Audemars Piguet Jules Audemars Reference 15180BC
Audemars Piguet has a lot more to offer than just the legendary Royal Oak and Royal Oak Offshore. The perfect example is this ultra-thin, time-only model from the Jules Audemars line, which shines with nothing but an hour and a minute hand.
The in-house caliber 2120 is closely related to the movement that powers both the Audemars Piguet Royal Oak “Jumbo” and “Extra-Thin,” the successor of the original Rolex Oak ref. 5402A from 1972 (the same movement can also be found in Patek’s original Nautilus).
IWC Schaffhausen Portuguese Hand-Wound
Classic looks and a stately diameter of 44 mm characterize this no date watch from the Schaffhausen-based manufacturer IWC. The Portugieser Hand-Wound has elegant lancette hour and minute hands and a small seconds dial at 6 o’clock.

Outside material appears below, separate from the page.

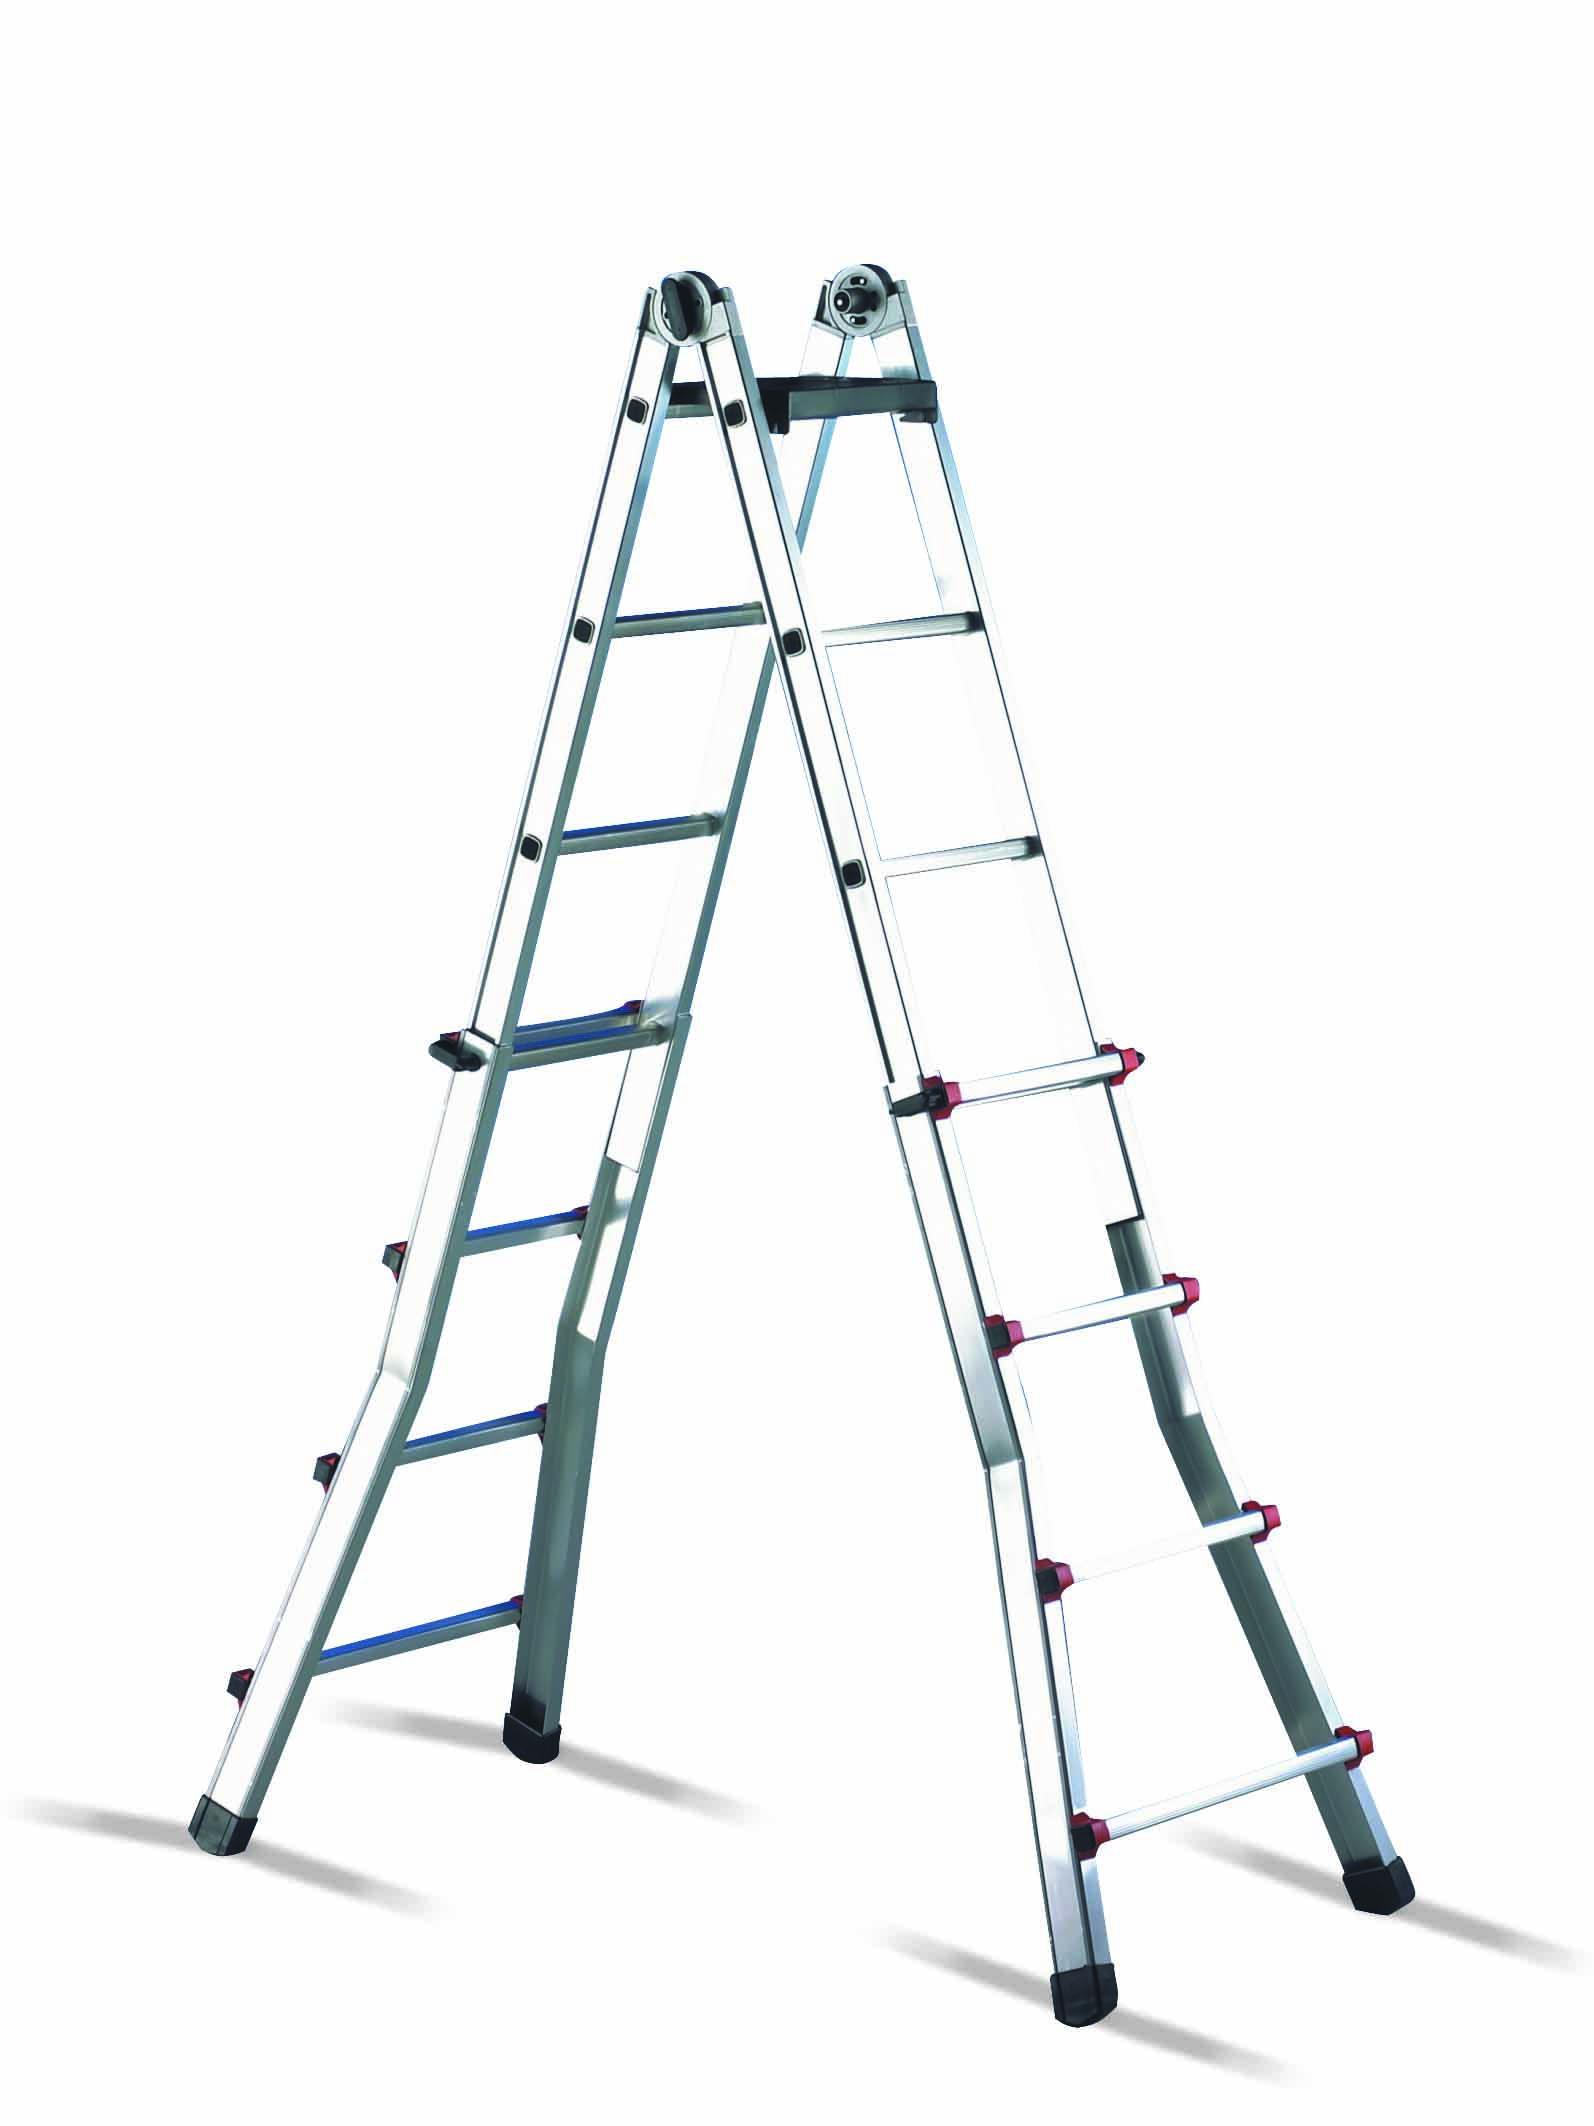 cimco 146707 h henverstellbare aluminium teleskop leiter 2 x 7 stufen h he 1 25m bis 3 55m. Black Bedroom Furniture Sets. Home Design Ideas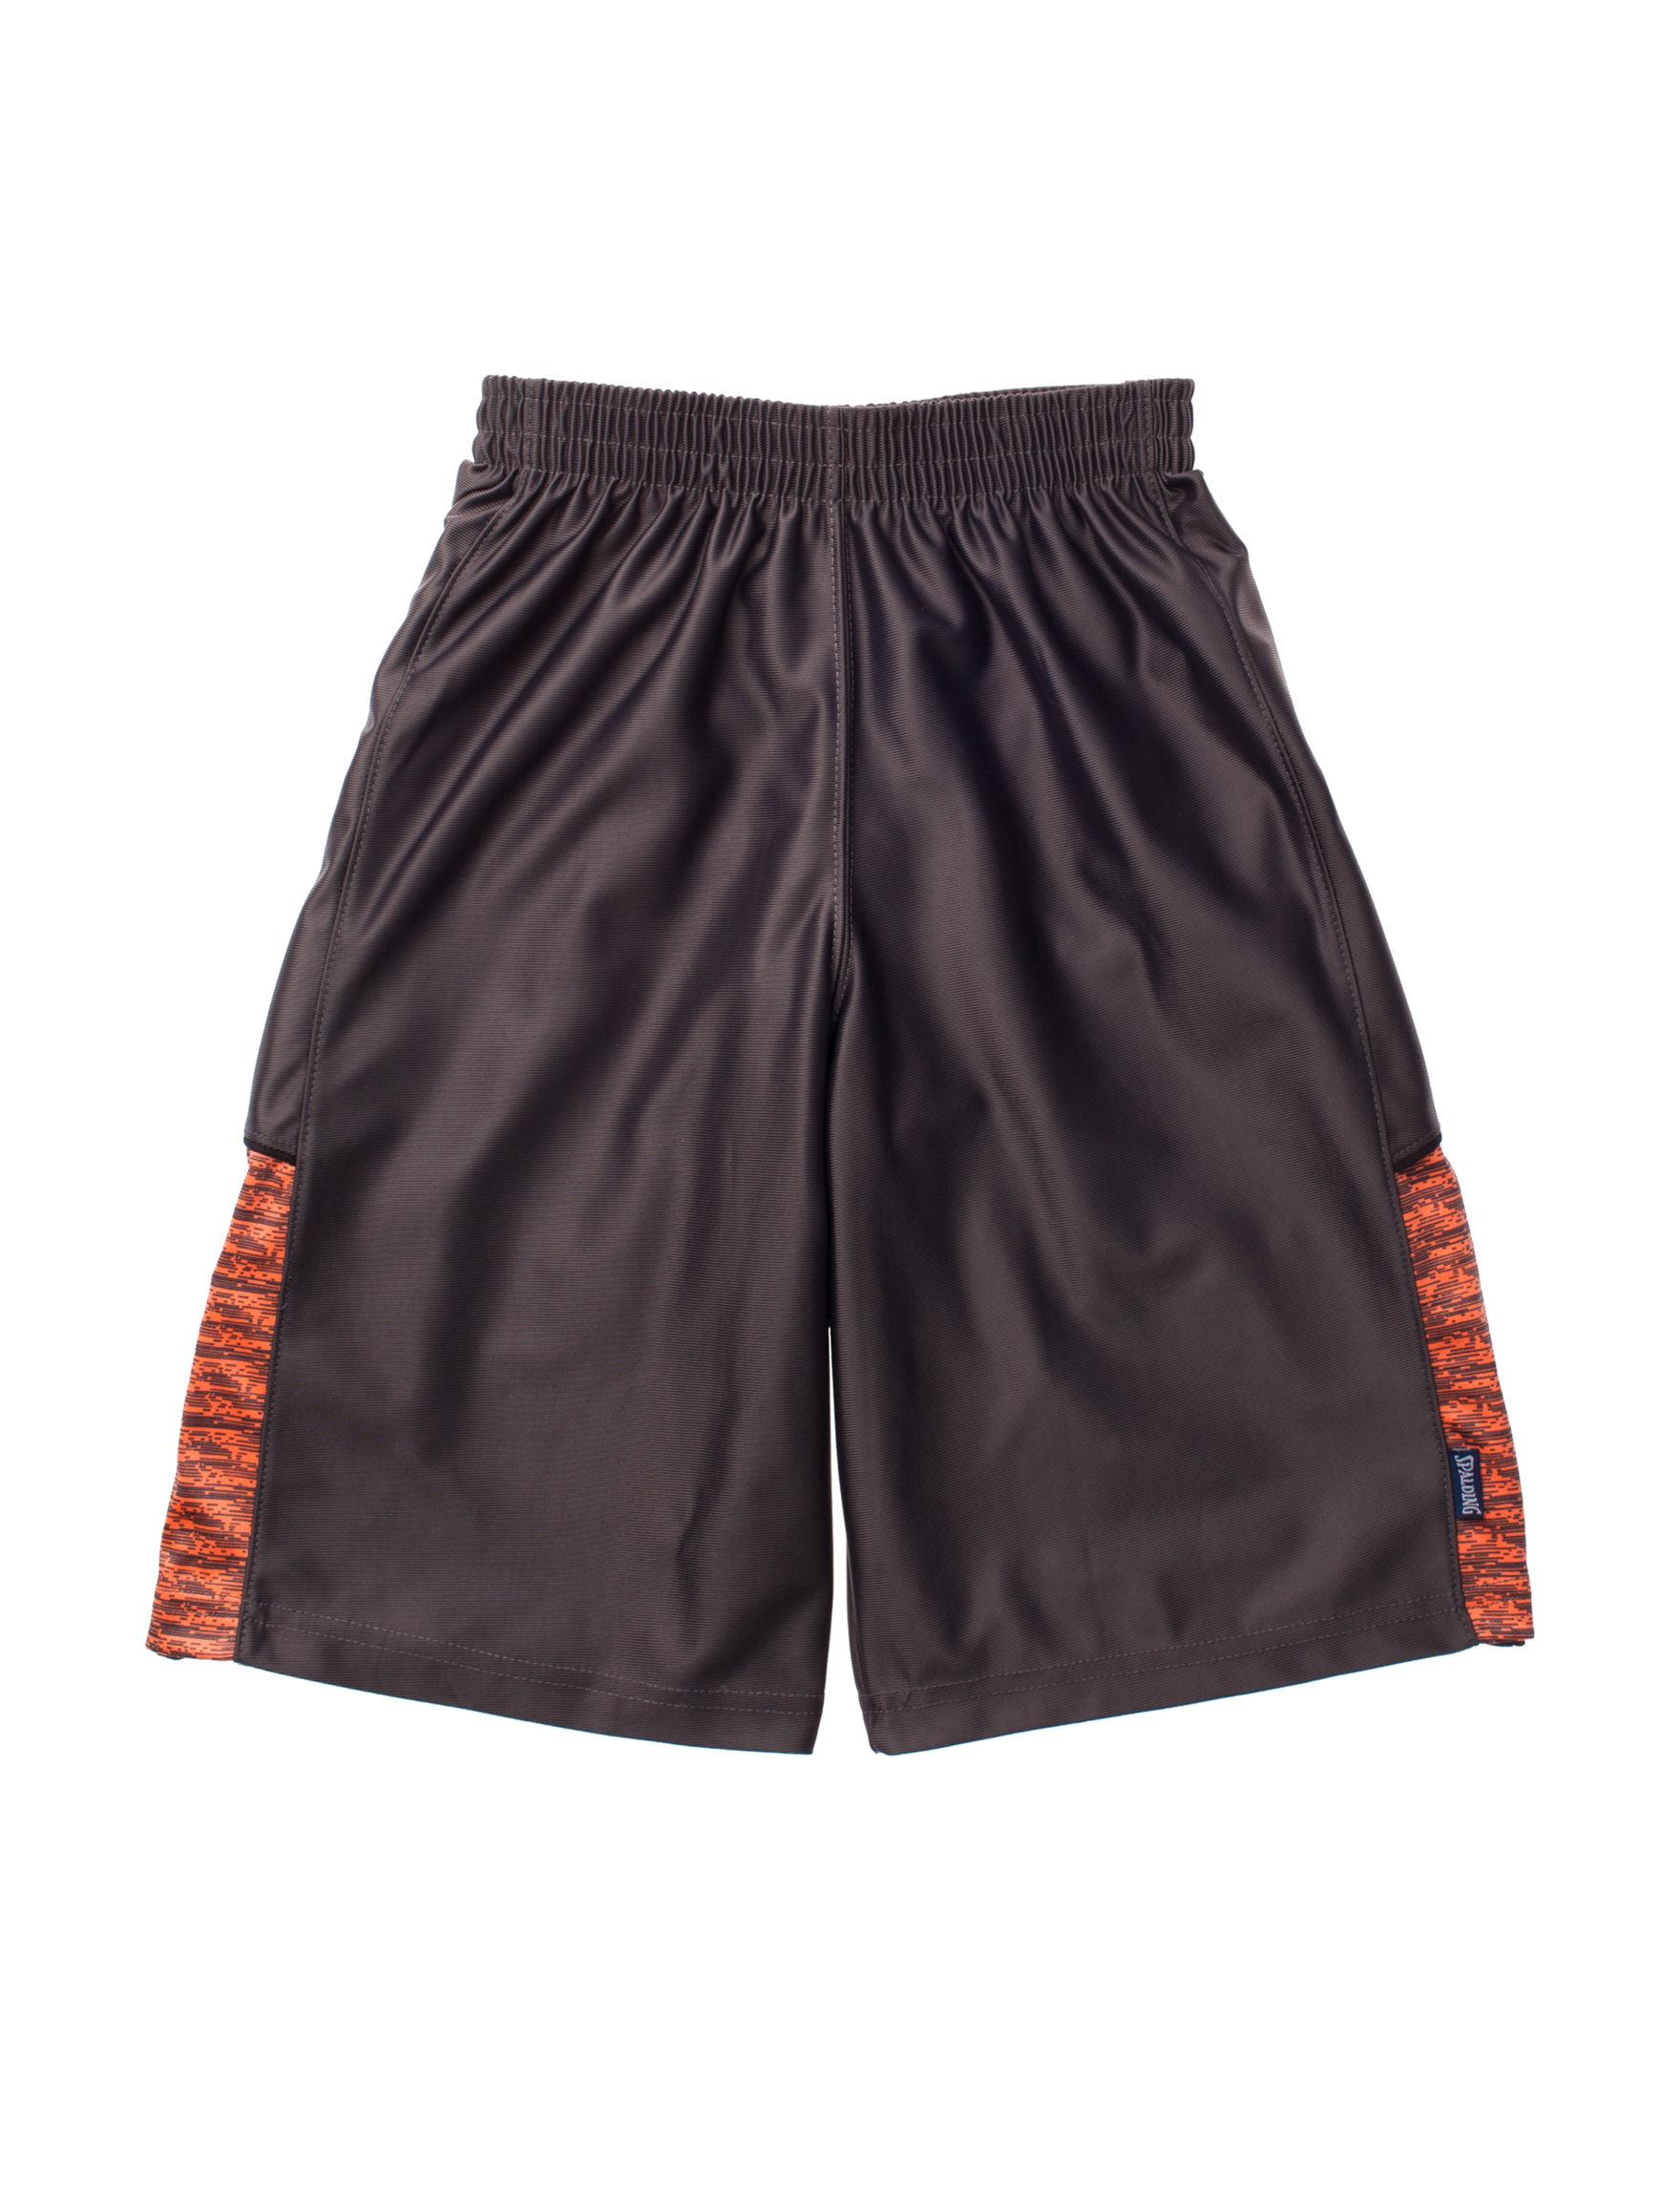 Spalding Grey Soft Shorts

The sapphire glass case back affords a view of the beautiful mechanical movement at work. This classic timepiece is a successful remake of a historical watch from the 1930s, and it certainly reflects the ethos, “less is more.”
Nomos Glashütte Zürich
While the NOMOS Glashütte Zürich is available with a date display, there are also no date versions available. The easy-to-like company from Glashütte, Germany offers a number of time-only watches in their lineup, but this 40-mm Zürich comes in slightly larger than the average NOMOS timepiece.
The watch is powered by the in-house NOMOS Epsilon caliber. While it’s probably the least expensive watch on this list, it can certainly hold its own against some of the more expensive models.
Omega Constellation Globemaster Reference 188.8.131.52.99.001
In 2015, Omega reintroduced the Globemaster to their Constellation collection. Unfortunately, there is only one time-only model available: this 39-mm platinum watch.
The Omega caliber 8913 is not only chronometer-certified, but also certified by the independent body METAS for being anti-magnetic up to 15,000 gauss and accurate to 0/+5 seconds.
There are, of course, a whole host of other time-only watches out there, but I think these seven cover a wide range of different styles and tastes: from sporty and elegant to classic and a little bit extra. The only question that remains is whether you find the date function a practical addition to your timepiece? Or are you a design purist who can’t stand having a beautiful, well-balanced dial ruined by an unsightly date window?